Music Reviews
Form Of...

Berg Sans Nipple Form Of...

(Prohibited Records) Rating - 9/10

It's become a bit of a fetish, this 'influenced by' thing. As if it actually informed the listening experience by a scintilla to be reminded that The Memory of Brianna's Baguette was influenced by One Day in Denton who in turn were influenced by Crosby Bling who ... and so on back to the original anonymous nose-flautist of Olduvai Gorge. Well - it helps, I suppose, a little bit, in the sense that understanding how a spider spins its web helps contribute to the sense of awe at the construction of something that, if you or I tried, would end up one diabolical mess. Like trying to type with gloves on.

But, of course, it's fun. So if, for instance, I were to say that, between them, Shane Aspegren and Lori Sean Berg, the presiding geniuses of Berg Sans Nipple, have something in them of Stevie Wonder, Charles Mingus, Wu Tang Clan, Oval, Tortoise, and Four Tet, would that help at all? Didn't think so.

What is important, I think, is to recognise that both of them have come from a solid background as working drummers - Aspegren with Lullaby For the Working Class, amongst others, Berg with Purr - and that, in support of a magical melodic momentum that feeds the aural appetite like a dish of profiteroles - more! always and forever more! - is a set of astonishingly rich and varied beats, both live and electronic, employing only the crême de la crême of the rhythmic repertoire, from steel drums to flamenco palmas. And Aspegren's 1922 drumkit fed through his broken Traynor - used oh-so-sparingly (sure sign of mastery) - makes for one mother of a foot-tapper. So, when they do go for the full-on thrash - as in Croon, for instance - they can make it rock like a two-man distillation of Stomp and the Kodo drummers. *phew*

The Berg is a Franco-American partnership - Aspegren's from Lincoln, Nebraska, Berg's from Paris - although I'm wary of reading any clichés about transatlantic hybridity into that. They do kind of play with it, though, in a way that makes you smile a bit as you're listening. Track four, for instance - Blvd. des Souvenirs - is split into two parts - the first a rambling accordion/melodica chanson, a veritable promenade amongst the boîtes of the rive gauche, set against some très maintenant blips and beats, modulating into an upbeat segué that moves way, way beyond the Seine, crunching a huge sweet mix of counterpointing trumpets and other, utterly transcendent smoking mirror sounds against a Beaufort nine storm whipped up from that eighty-year-old drumkit, as if summoning from it all the embedded sound and fury and blood, sweat and tears of the twentieth fucking century, and feeding on top of that (more! always and forever more!) an intermittent and supremely unnerving metal-on-metal ring - like a metal bar just touching a gargantuan, superbly dangerous, rapidly revolving saw-blade. (And no, it doesn't matter one iota that Plaid and Ez3kiel use a similar sound in Abla Eedio and Kika - simultaneous emergence is just one of those creative mysteries that seem to make the world go round - no more explicable than morphic resonance in flocks of birds or schools of fish.) Amazing experience. Like walking through a door marked 'Sortie' into the moment of the KT boundary event impact.

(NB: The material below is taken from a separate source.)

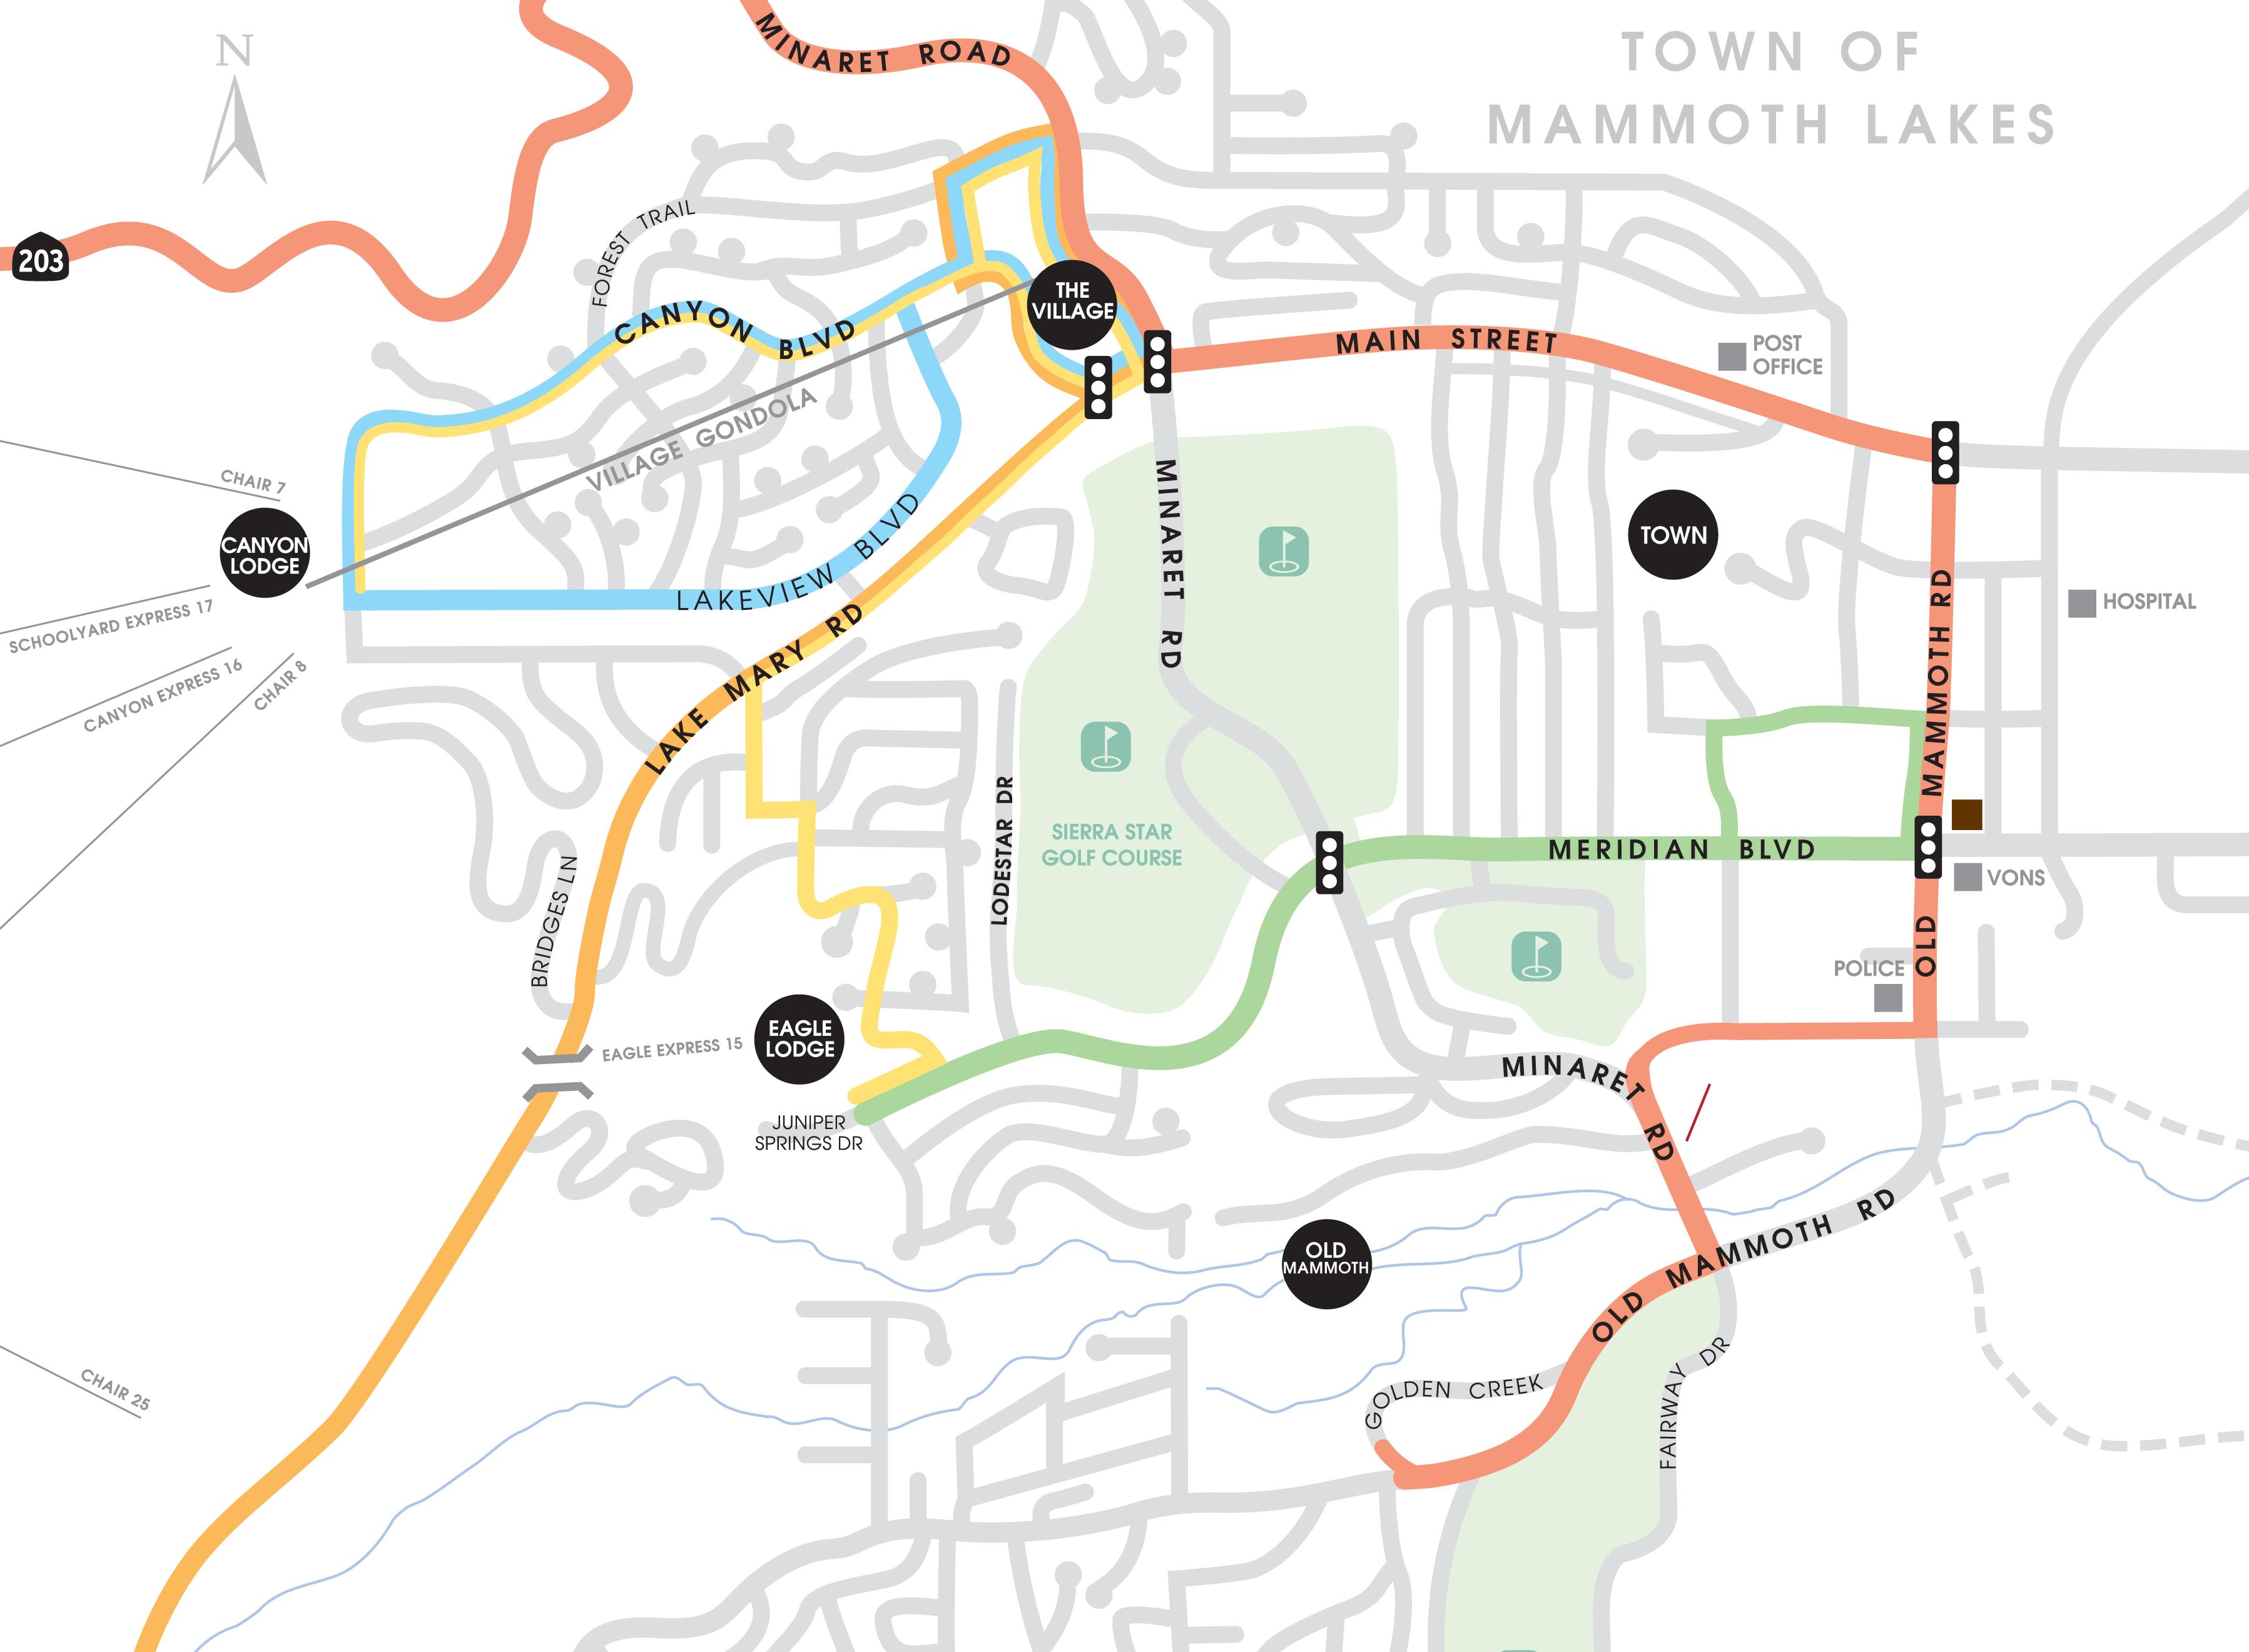 Mammoth Vacation Rentals   Mammoth Mountain Lodging and ... on mammoth ski, mammoth utah, long valley caldera map, ski resort map, lake county california map, trail map, mammoth skatepark, mammoth yellowstone national park, old faithful yellowstone map,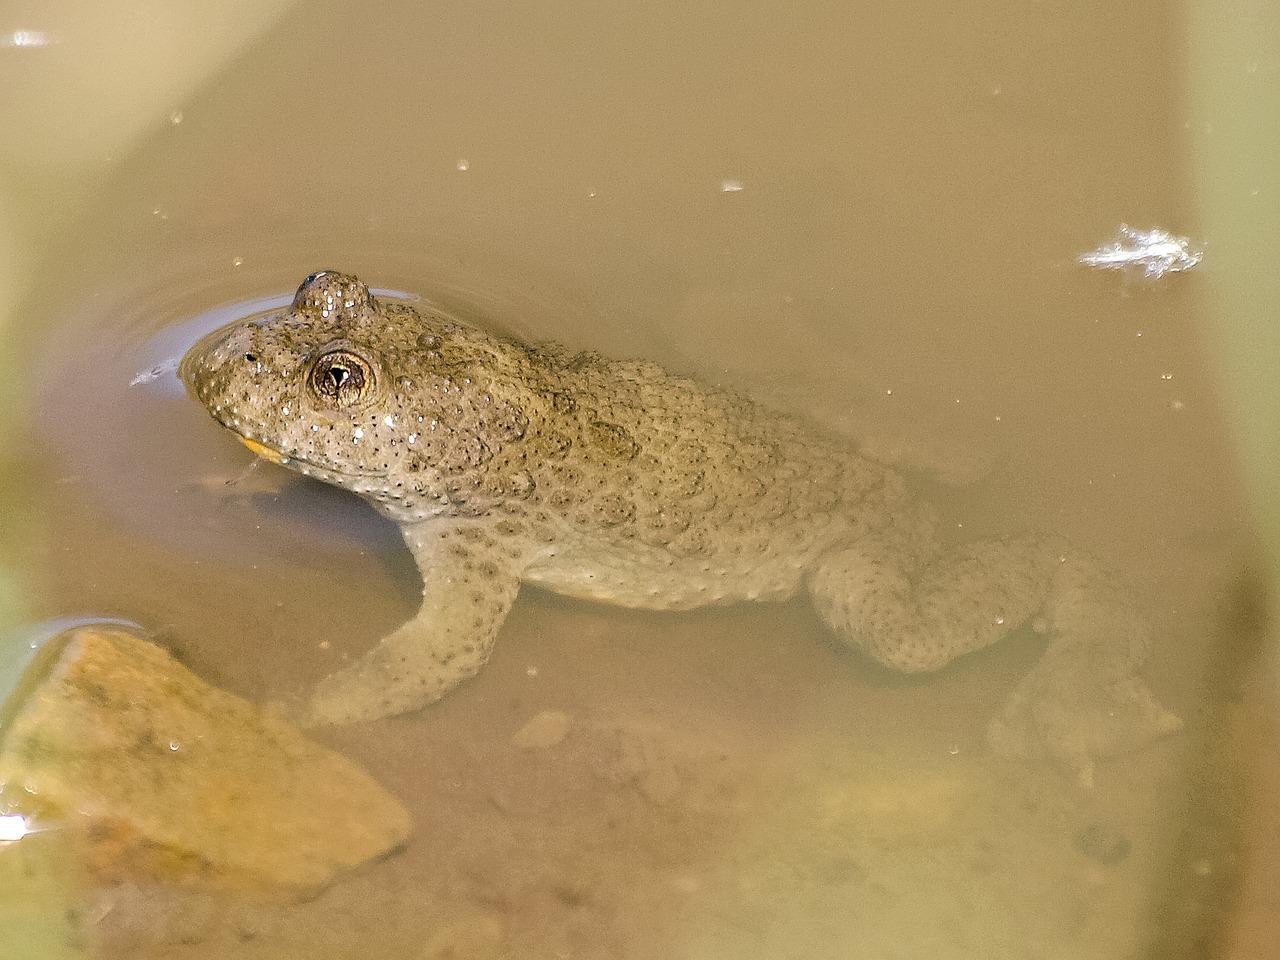 Yellow toad animal

Plus they've acquired the coolest set of collaborators this side of tomorrow: Ohad Benchetrit and Justin Small of that rising star of the Constellation label, Do Make Say Think, on guitar and keyboard; Maria Taylor (whose voice, with her group Azure Ray, supplied the only consolatory moment in Moby's miserable 18) on the exquisite Dilate in Rhythm - which opens with The Snowman arm in arm with The Gasman at a Warp Records soireé and closes with, well, total dilation; and the Whitbread-nominated novelist Luke Sutherland (of Long Fin Killie and Bows as well as being a long-time Mogwai violinist) reading his own haunting, enigmatic, Little-Prince-Loses-It story as foreground to the first part of the stupendous finale - We Try to Resist But We Are Full Of Merde.

As debut albums go, Form Of... is about as good as it gets. Part of me hopes - seriously - that they never make another. If Berg Sans Nipple were to decide to split now, I guarantee this album would become the kind of cult classic that usually only emerges out of tragedy - like Grace - within a year. On the other hand, you can never get enough of profiteroles, can you?